Chereads / Dream Bot 99 / Chapter 5 - Chapter 5: The contract

Chapter 5 - Chapter 5: The contract

A postcard. A box of chocolates.

I froze.

Then I got excited and giggled again. Thinking maybe Jack put it there.

I chose to overlook the fact that we have had just one conversation so far-and that birthdays were not mentioned.

and that it was a month ago.

I opened the postcard.

'Happy Birthday' it said.

'I hope you are ready.

What?... Ready for what?

and who is S?

Rose Hilton and Jack Hills were the only two people in the office. Sean and Sebastian had gone back to their towns for the holidays.

There was no one else that I was close to apart from these for. I had two frenemies, Kai and Bob, but they would rather drop dead than acknowledge my birthday or my existence, if they could help it. Dave and Lee, too, would do the same if not worse.

So it seemed odd that there was a postcard and chocolate there. I let myself think that it was Jack that put the cards and the chocolate there. I liked him for it.

An incredibly cold and serious tone in my head told me that I was once again at that particular point in my relationships that my imagination indulges its self on my new acquaintances and take a solid form in the form of a clone of a person I just met and the difference between the picture of the person in my head and the actual person grows wider and wider until I love one and despise the other.
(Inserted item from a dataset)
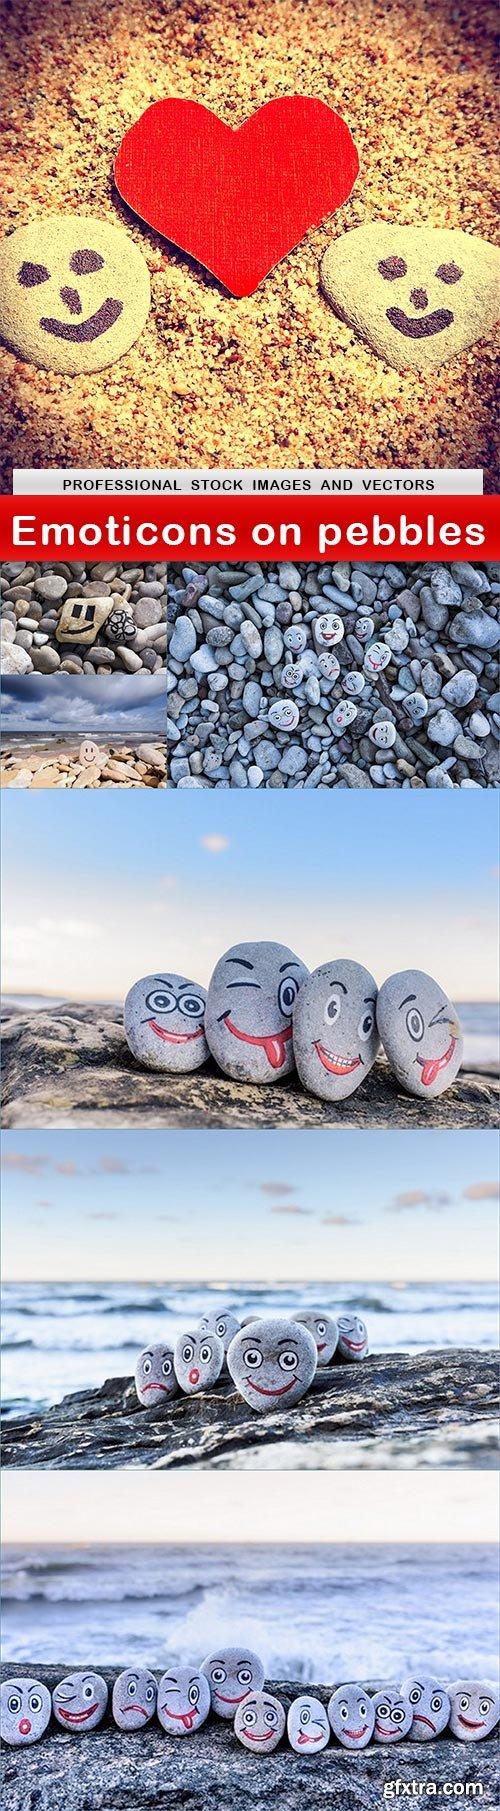 Emoticons on pebbles - 7 UHQ JPEG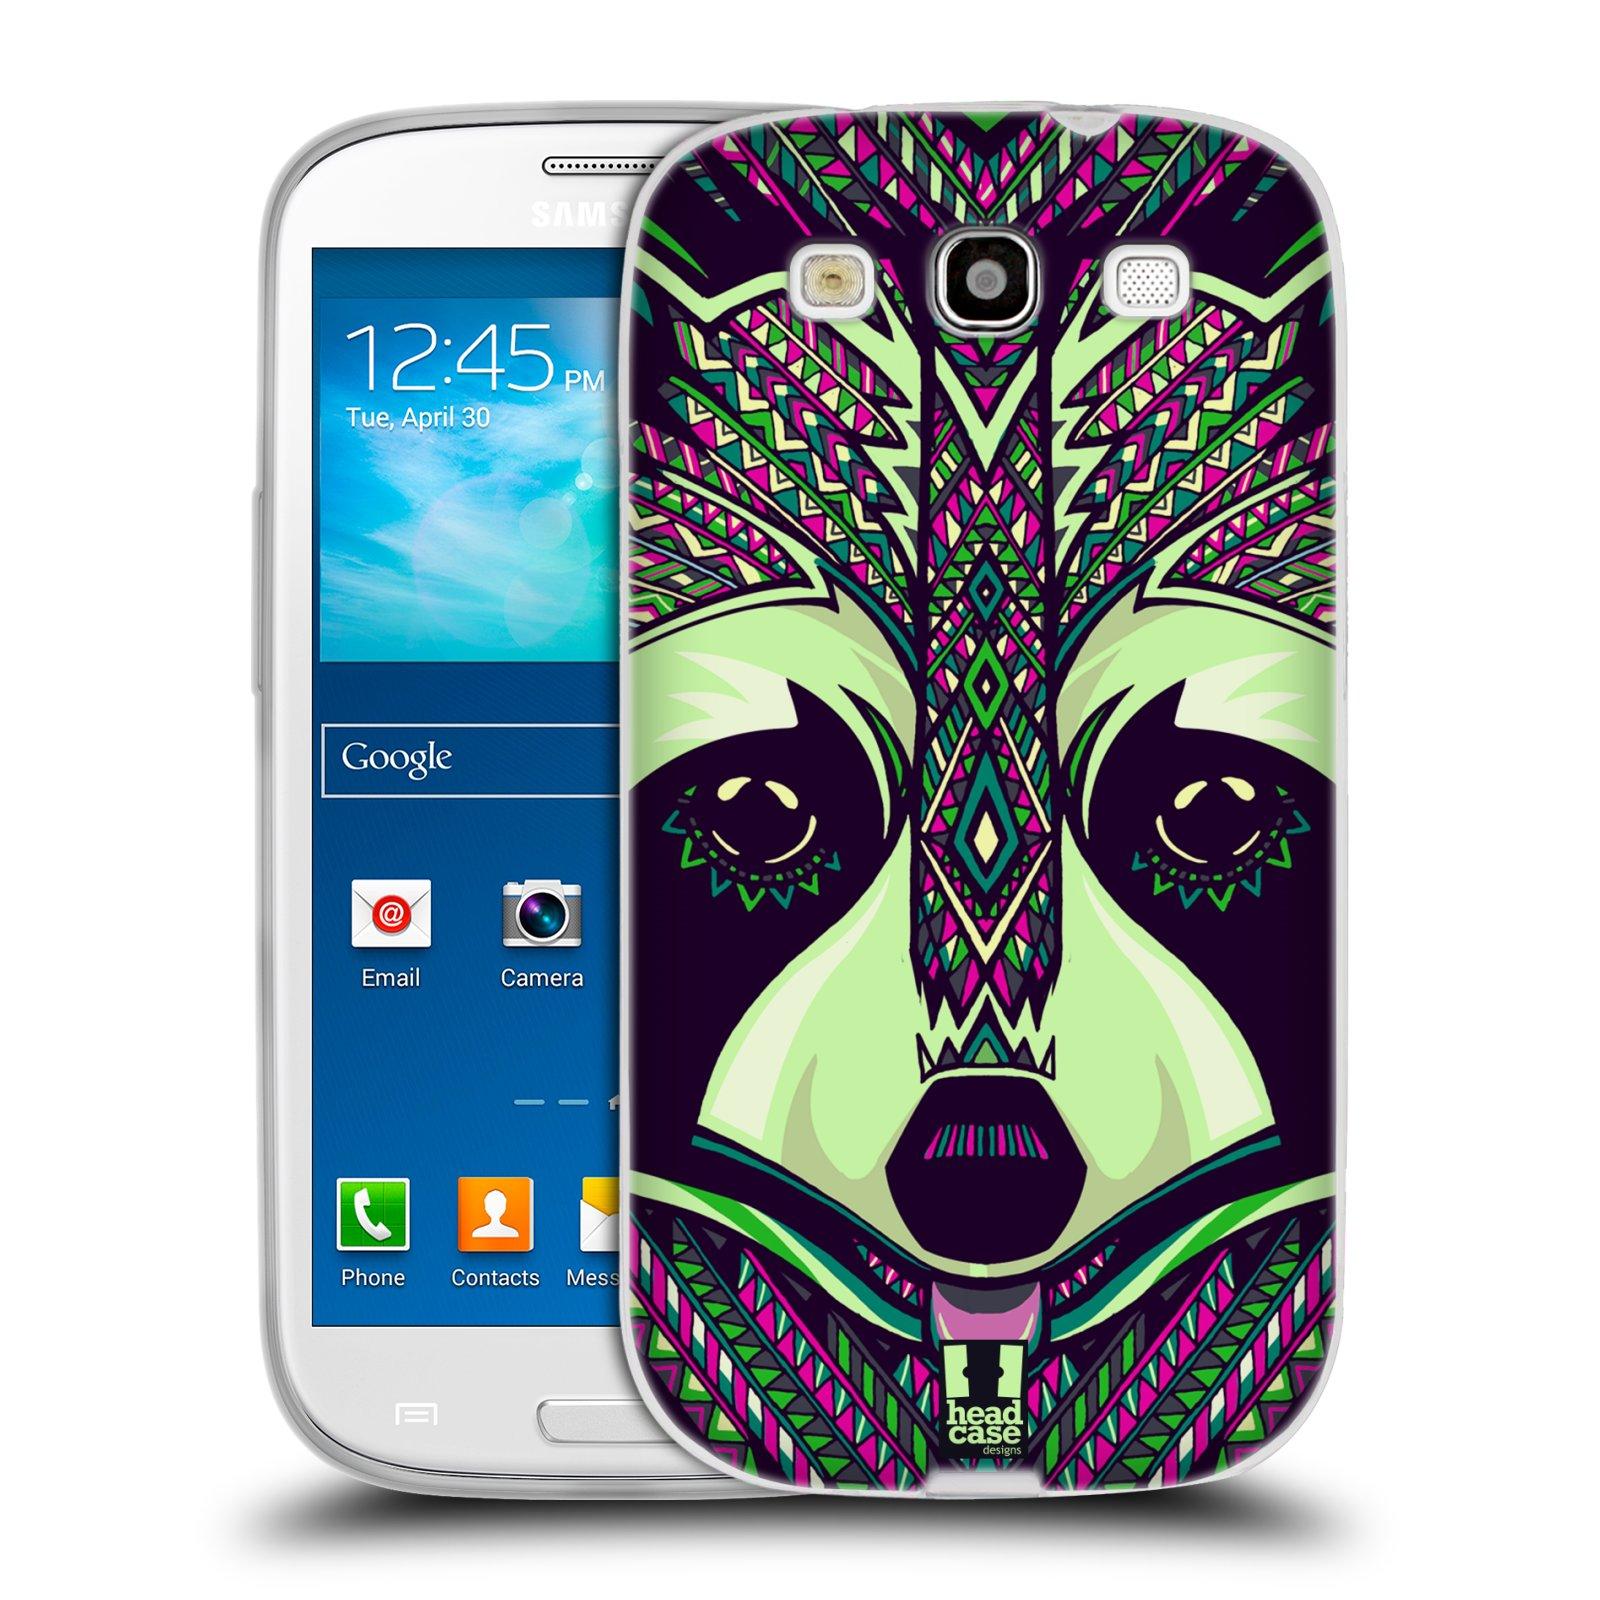 Silikonové pouzdro na mobil Samsung Galaxy S3 Neo HEAD CASE AZTEC MÝVAL (Silikonový kryt či obal na mobilní telefon Samsung Galaxy S3 Neo GT-i9301i)

I snorted at it-knowing all too well that 'this time ' (this is the seven thousandths two hundred fifty-fourth time - remarked the cold and lifeless voice in my head )....to which I responded by raising my voice and speaking my thoughts out loud,

'this time...

it is all not too bad to fantasize, because

"This chocolate right here- yes this right here-"

I stood up to intimidate the voice in my head...

'This here....is the Ducking proof that I gave myself a reasonable lovely season of cute pre-romance giggling and butterflies filled intense daydream session that will be fairly regularly supported by leading (or misleading ) actions of a rather cute and a very tall colleague called Jack (bless his name) in whose laughters I delight.

"He has a girlfriend" - it murmured.

"And you are imaginary" I rasp- pointing at my head.

"And yet- I will be more realistic than you would ever be"

"shut up! shut up!" I say. "You can't leave in my Head AND disagree with me"

"Because you can't stand for your opinions?"

"Jesus Christ!" I swear loudly.

"Hmm.. actually that not a swear!" She says.

That- that is Electra- she lives in my head and her sole purpose in life is to annoy and criticize me. I hate her calm voice and proper reasoning. I hate her confidence cause I would never have it. I hate how, whenever am excited and ready to throw a mini party in my head, she crushes in uninvited and dresses like a badass.

I can't stand her.

You wouldn't want her to be in your head.

She can be a b***h.

I had her in my head.

I don't know when she made herself at home.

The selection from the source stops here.